Father Angus stepped behind me and flipped my skirt up. He had to work it out with the good Lord himself — I knew how pure my heart was. I closed my eyes and prayed a Hail, then felt him penetrate and fuck. Without him being able to notice, I felt my way to my clit and masturbated. I didn't let him notice when I had an orgasm. He squirted grumbling and let his cock stick. "I'm not done yet," he growled, and after a while he resumed fucking. He kept fucking very pleasantly, I felt him squirting in again as I masturbated. Again he let his cock stick, "I need it again," and I nodded, "gladly!" He waited again for a while, then grabbed my hips and fucked, gradually speeding up, and I continued masturbating after orgasm. It seemed to me that he had barely squirted in a few more drops, but he'd had enough and so had I. I stayed on the table for a few more seconds until the storm around my cunt subsided, then I rose. I was a very devout person at the time, and I knelt down in front of him and whispered for him to bless me. "Bless me, Father," I asked, and he put his hand on my head and crossed in front of my face. Now I stood up. "Thank you, Grace Plunkett," he said softly and escorted me out. It was my 20th birthday.

We went to the dungeon three times in a row, he gave them comfort and the blessing, I let them fuck me and kissed each in tears, tomorrow he would go before the good Lord. Father Angus fucked me later in the sacristy, we didn't have to talk much, but I had him bless me each time before I went home high on life and devoted myself to my own lust. I took no part in any of the later attacks of our rebels, but I took in anyone who knocked on my door. Every Sunday evening, when the last had confessed, I went to Father Angus in the sacristy, for many years.
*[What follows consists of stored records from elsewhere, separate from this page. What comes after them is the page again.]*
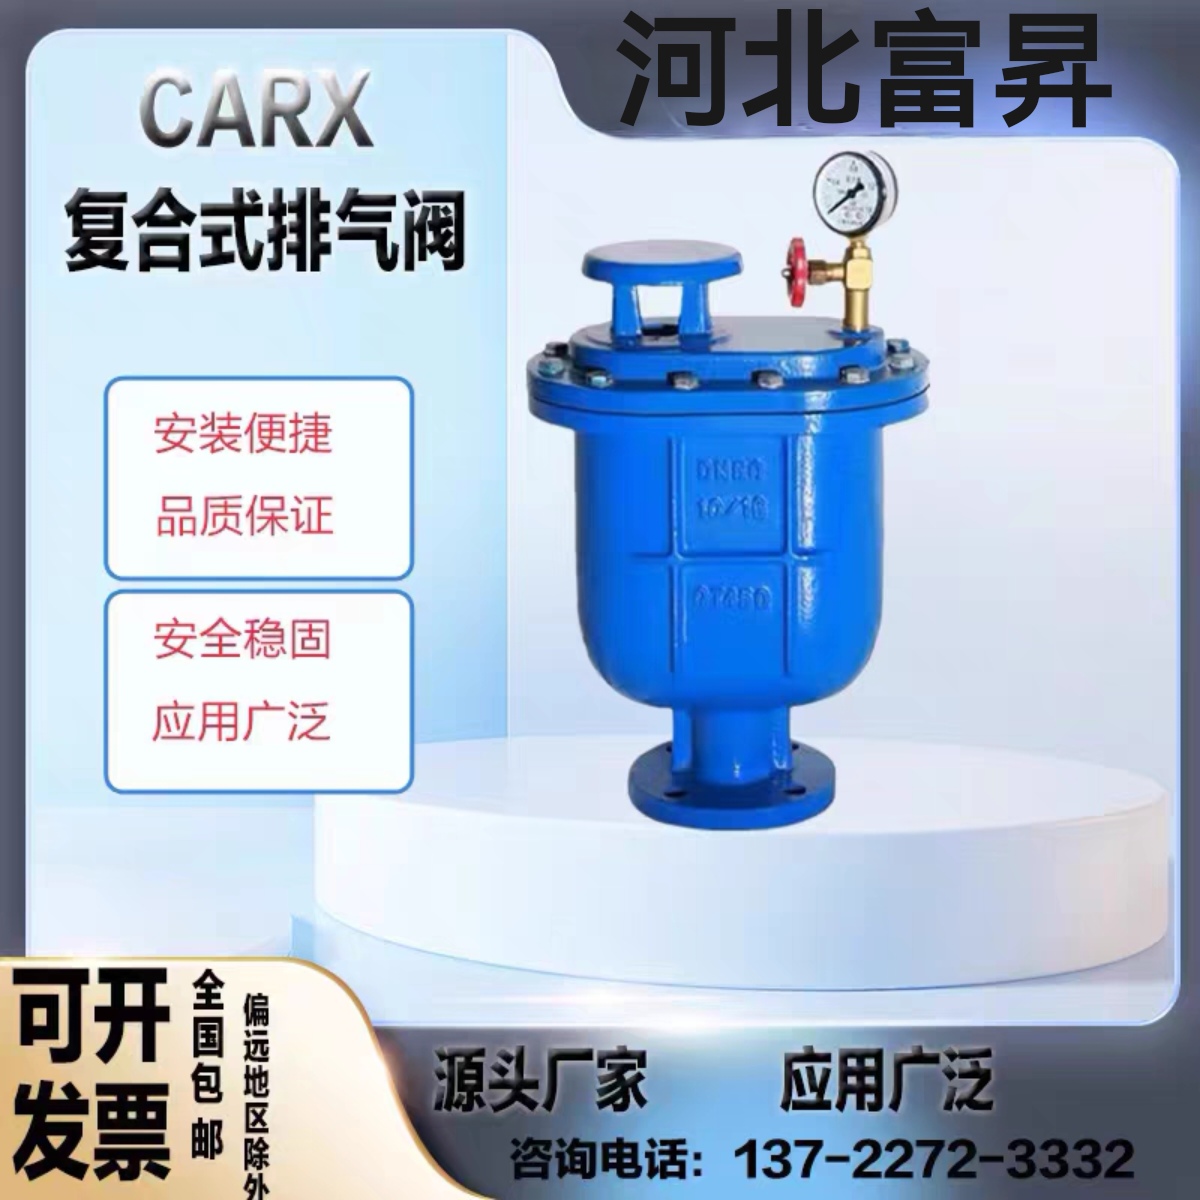 厂家直销CARX-复合式排气阀自来水排气阀法兰自动快速进排气阀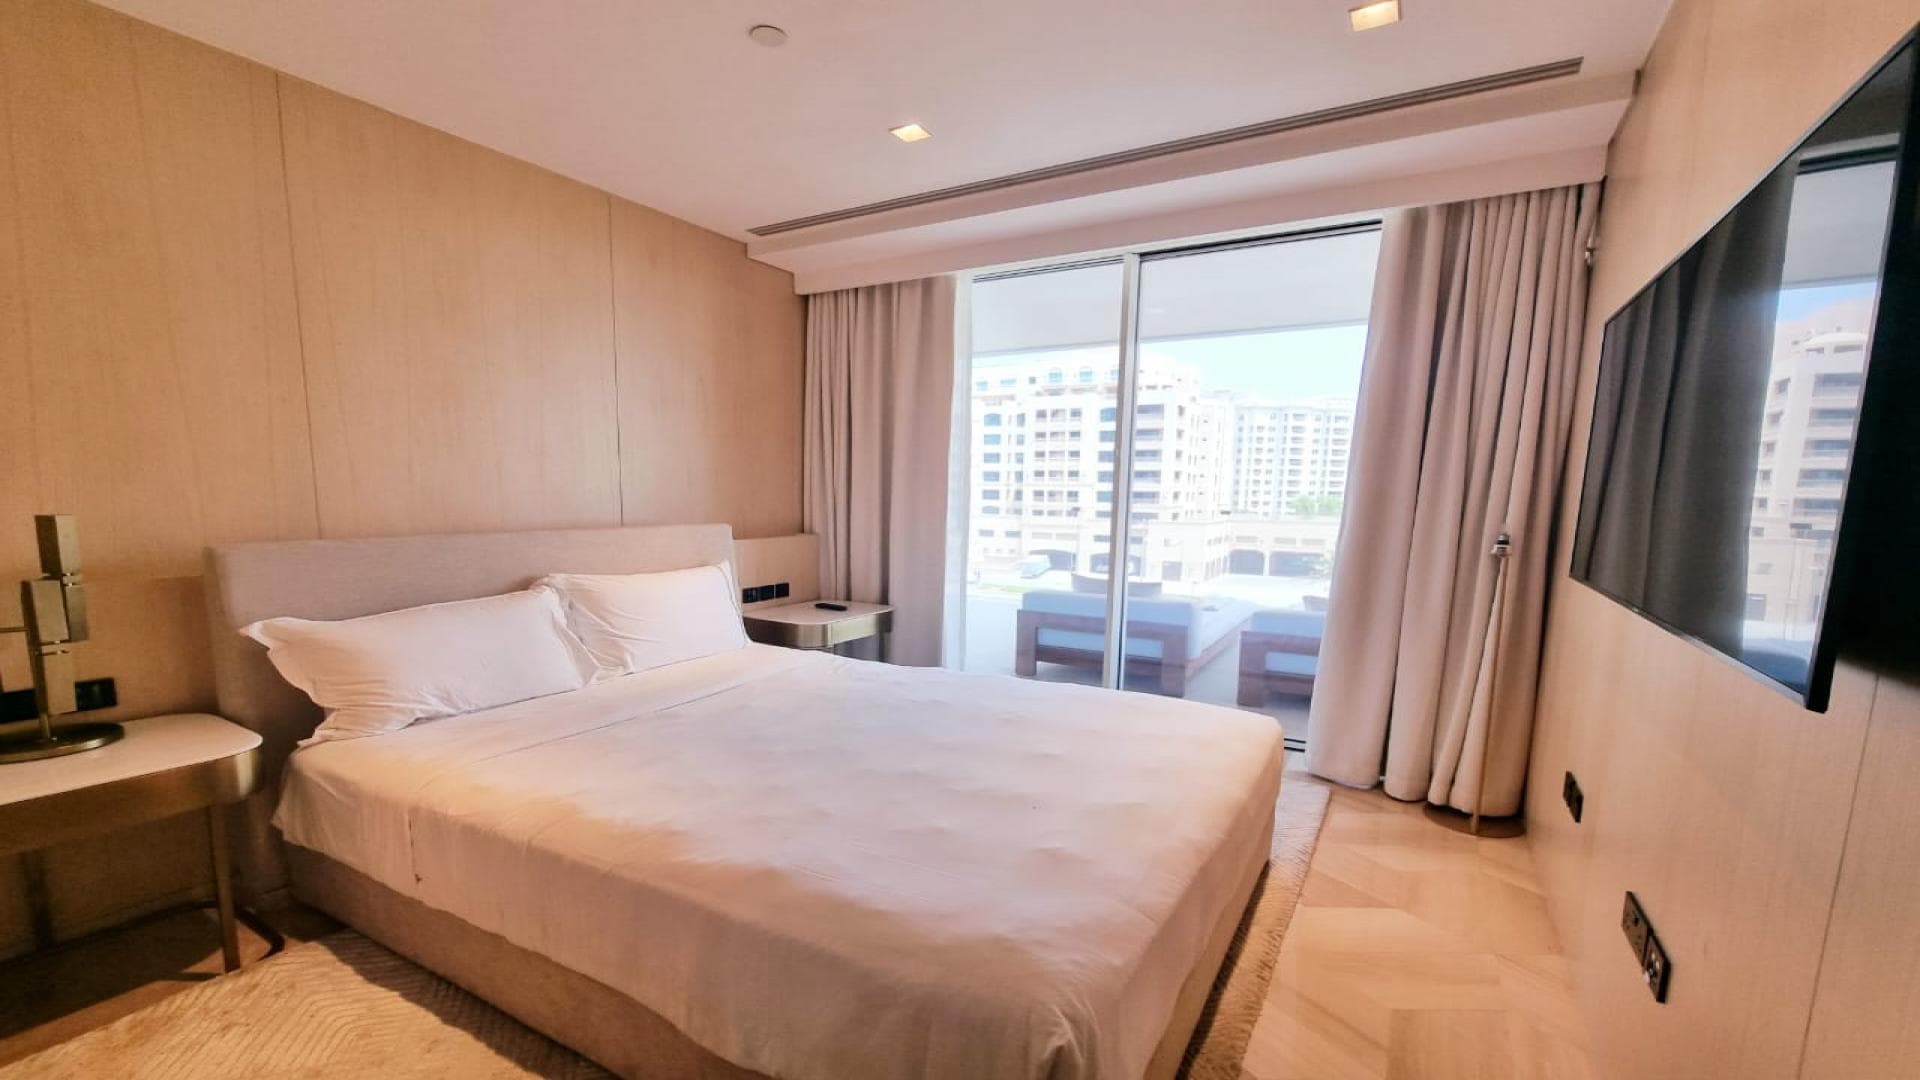 3 Bedroom Apartment For Rent Al Thamam 43 Lp37274 2002435902eddc00.jpeg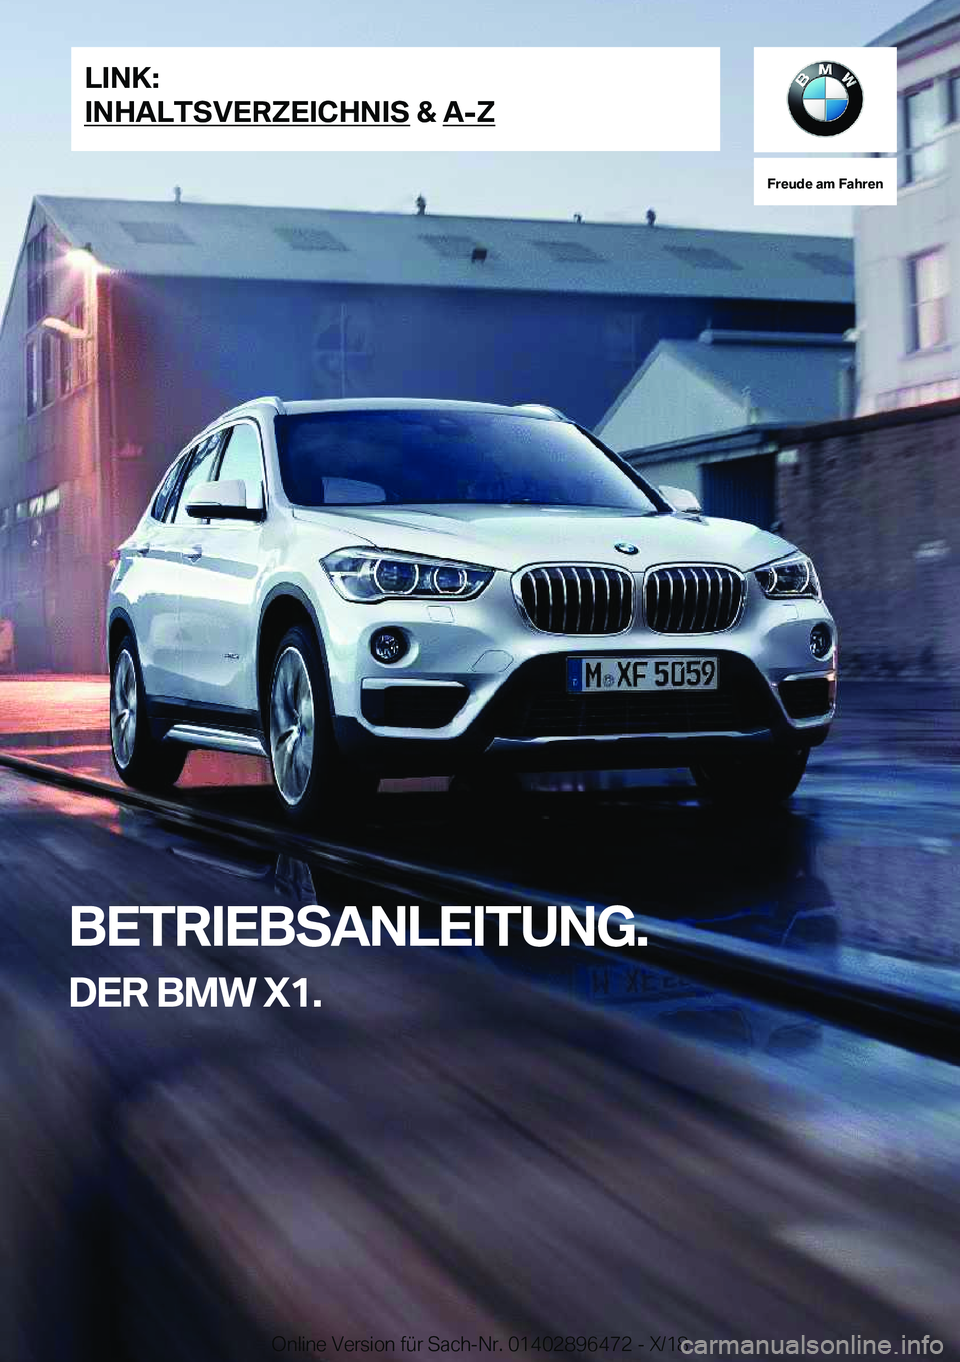 BMW X1 2019  Betriebsanleitungen (in German) �F�r�e�u�d�e��a�m��F�a�h�r�e�n
�B�E�T�R�I�E�B�S�A�N�L�E�I�T�U�N�G�.�D�E�R��B�M�W��X�1�.�L�I�N�K�:
�I�N�H�A�L�T�S�V�E�R�Z�E�I�C�H�N�I�S��&��A�-�Z�O�n�l�i�n�e��V�e�r�s�i�o�n��f�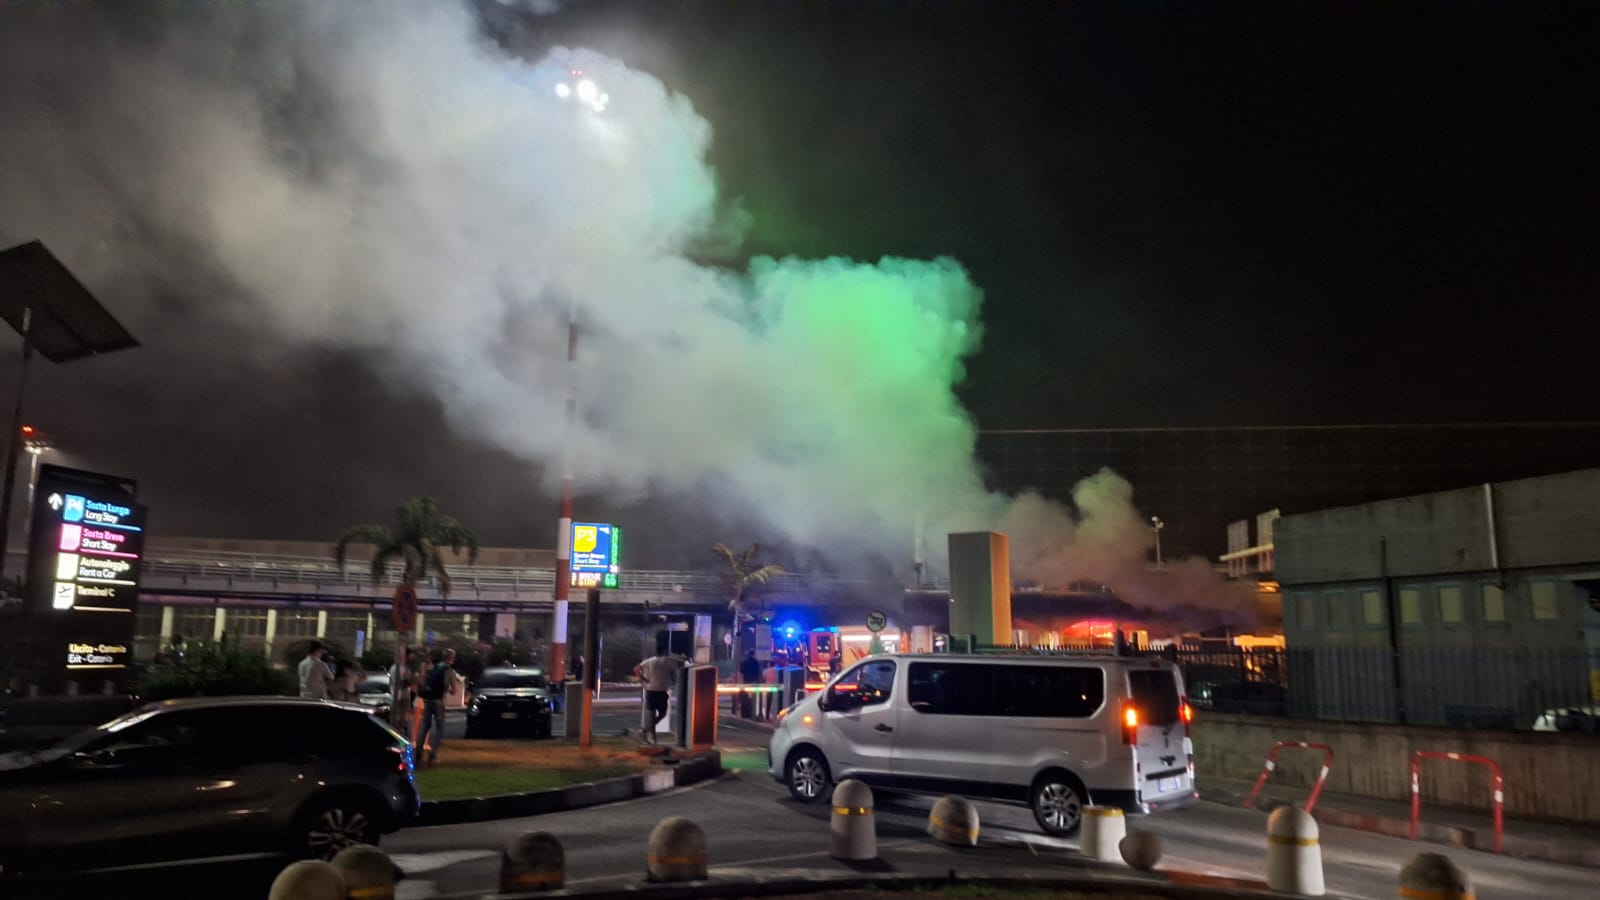 Incendio all’aeroporto di Catania, il racconto di un testimone: “Tutti scappavano, spingevano e piangevano”

I didn't marry again, but I had a wonderful daughter, Patricia, when I was 39. She was the apple of my eye and was a gorgeous girl. She went out into the wide world when she was 20 and married a lovely guy in Galway. I had an open door all my life for the young and youngest fighters. I had hundreds of them fuck me, very many. I liked best the very young ones, the 13 and 14 year olds, after the first joyful shock most of them kept going until dawn and I loved that! The young lads came in droves to experience their first time in my arms.

They all left bright‐eyed the next morning.